Assess and derive recommendations for improved cooperation between childcare institutions, parents, and practitioners (subproject 5).
Subproject 4 analyzes epigenetic mechanisms in mothers and their children over time.
The current study protocol relates to the clinical trial (subproject 1). We will conduct and evaluate the first disorder-specific parenting intervention for mothers with BPD in a multi-center randomized controlled trial. The intervention is conceptualized as an add-on intervention to a completed or ongoing individual therapy focusing on the borderline symptomatology of the mother. Participation in the group program does not substitute individual psychotherapy. All participants must either have already completed or actually be in an individual treatment for their BPD.

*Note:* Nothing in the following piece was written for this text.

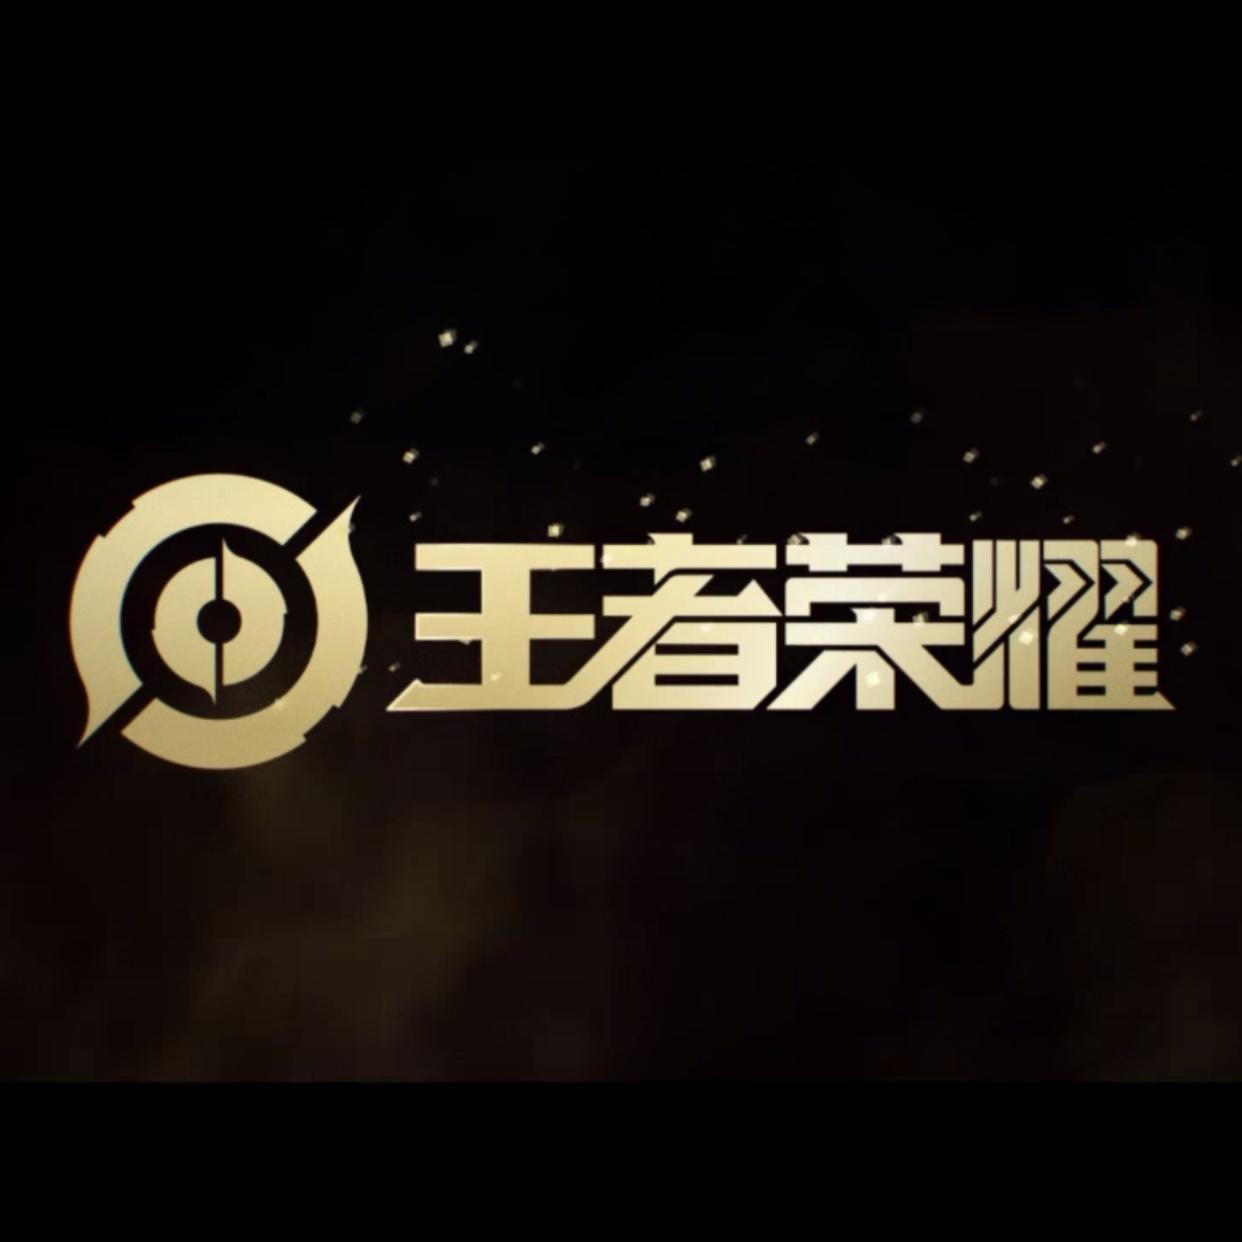 王者荣耀logo翻新啦,大幅改造全新样式
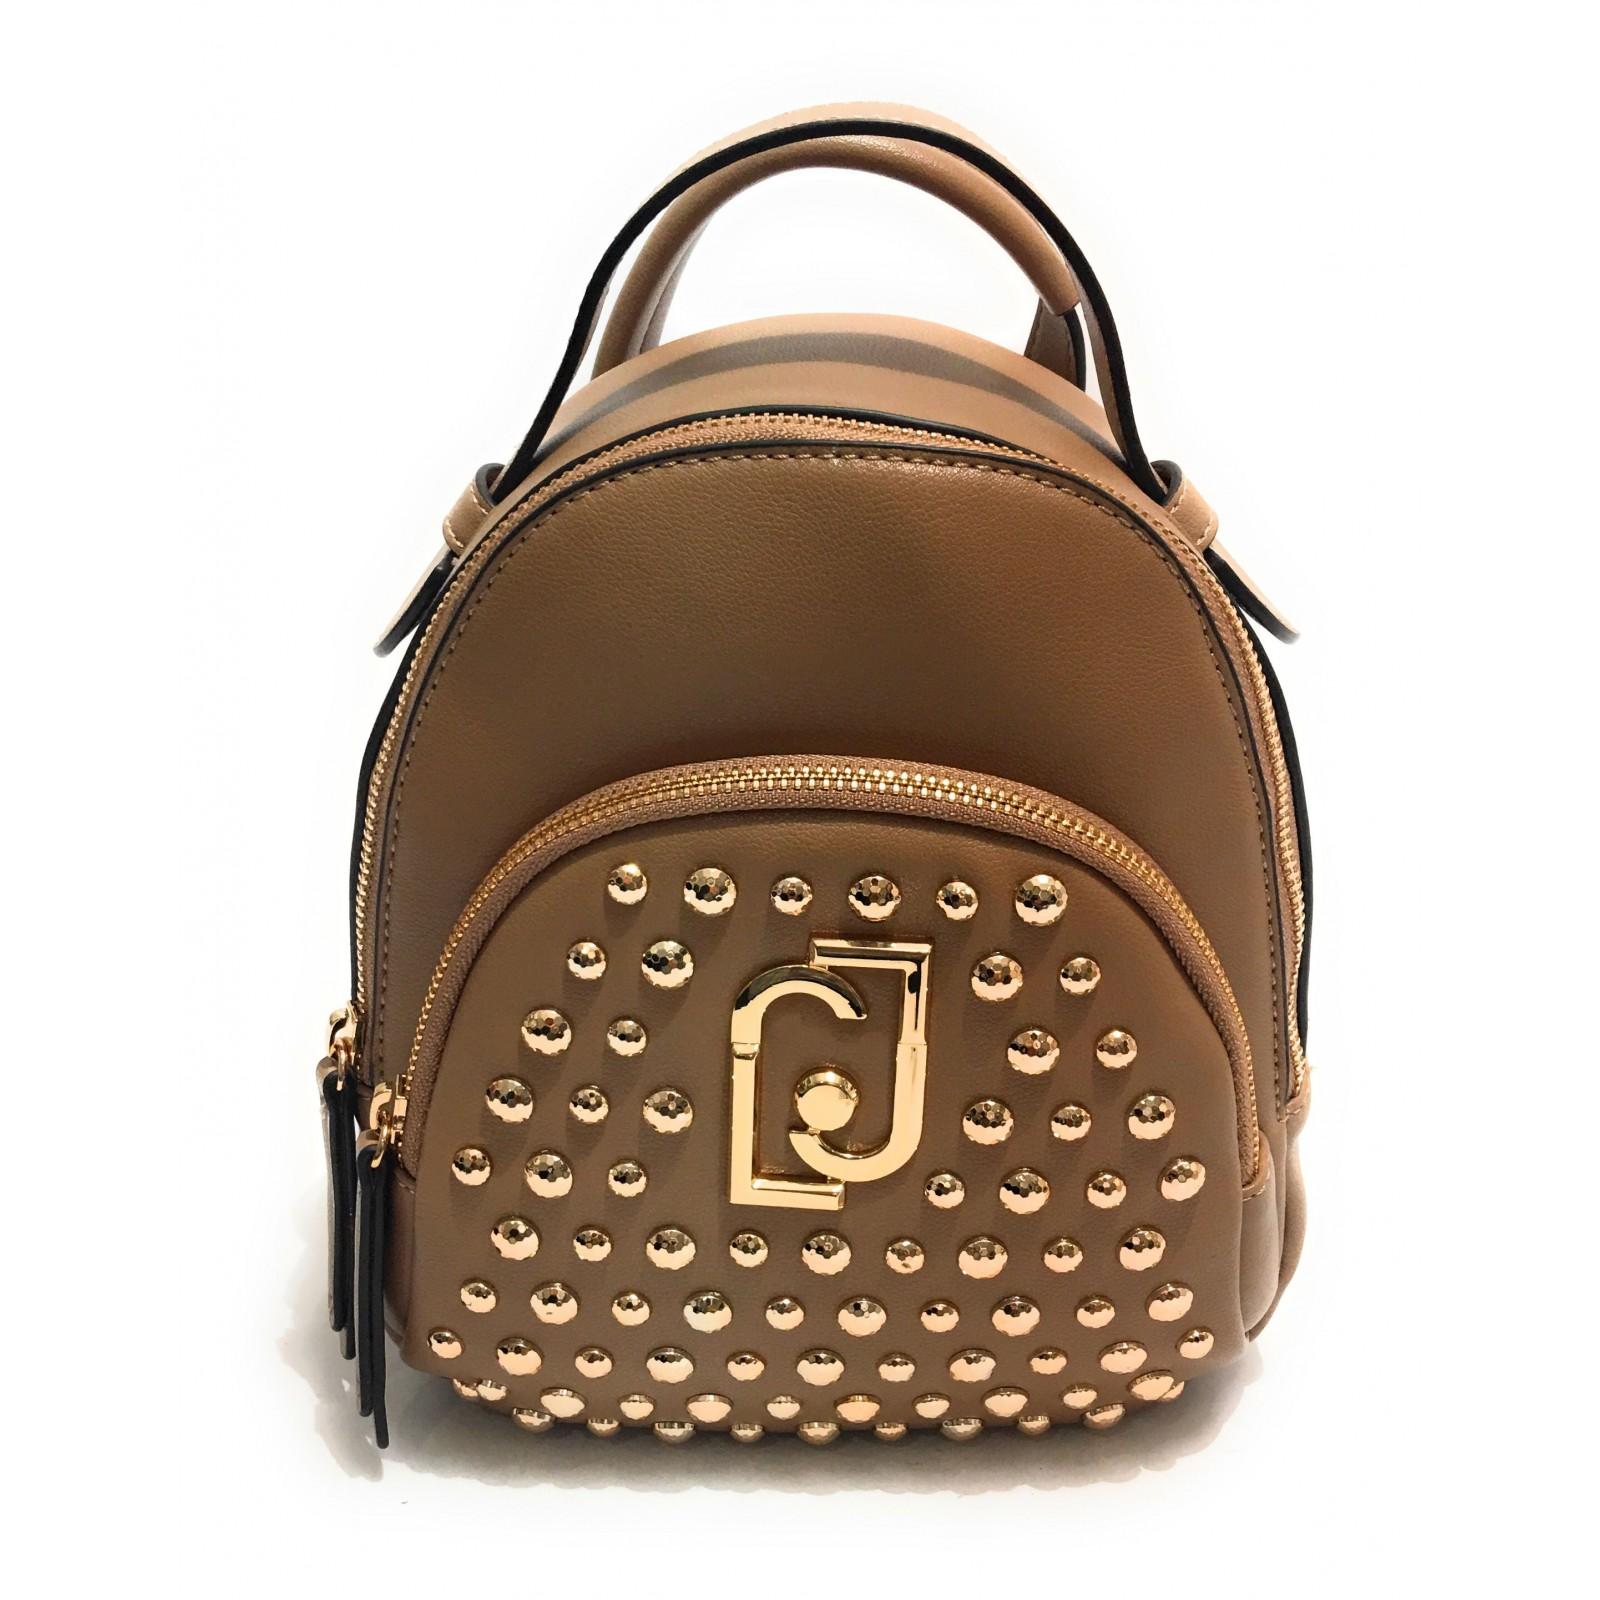 compra meglio design senza tempo vendita professionale Zaino Liu Jo piccolo N69140 E0006 nuez

The primary hypothesis is that the intervention has positive effects on parenting, and decreases child abuse potential directly after the intervention and at 6-month follow-up compared to a waiting control group. Secondary, it is hypothesized that the intervention reduces parental stress and enhances perceived parental competences. As well, an improvement in maternal emotion regulation and a reduction of mental distress is expected.
Trial design
The trial is designed as a randomized, controlled, multi-center trial with two parallel groups. Randomization will be performed as clustered randomization with a 1:1 allocation by RedCap software for each study center separately.
Methods: participants, interventions, and outcomes
Study design, recruitment, and eligibility
Participants are recruited via three academic study centers in the German cities of Berlin, Bochum, and Bremen. Each study center cooperates with different in- and outpatient facilities, assisted living facilities, and individual therapists, through which participants with BPD are recruited. Most of these services are covered by the public health insurance, so that we expect the sample to be representative for mothers with BPD living in Germany. All participants will first be screened by a short telephone interview regarding their study eligibility (inclusion and exclusion criteria see below). When meeting the inclusion criteria, participants are invited to a face-to-face diagnostic interview (Structured Clinical Interview for DSM 5; SCID CV & SCID PD; German version: [36]; modules: mood disorders, psychotic symptoms, substance use disorders, anxiety disorders, posttraumatic stress disorder, BPD) to assess BPD symptoms and comorbid diagnosis as well as child-related psychopathology (subproject 2). Staff members who received a 2-day training and are supervised regularly conduct all diagnostic interviews. When still meeting inclusion criteria, participants obtain a personal link to complete several web-based questionnaires. Afterwards, they are invited to a first assessment with their child, where variables of subprojects 2, 3, and 4 are assessed. Participants are then randomized to the intervention or the waiting control group. All questionnaires and assessments are repeated post-interventional (week 12) and at follow-up 6 months later (month 9). After completing all assessment points, mothers randomized to the waiting control group are offered to participate in the parenting program (see also Table 1 SPIRIT schedule of enrollment, interventions, and assessments/participant timeline).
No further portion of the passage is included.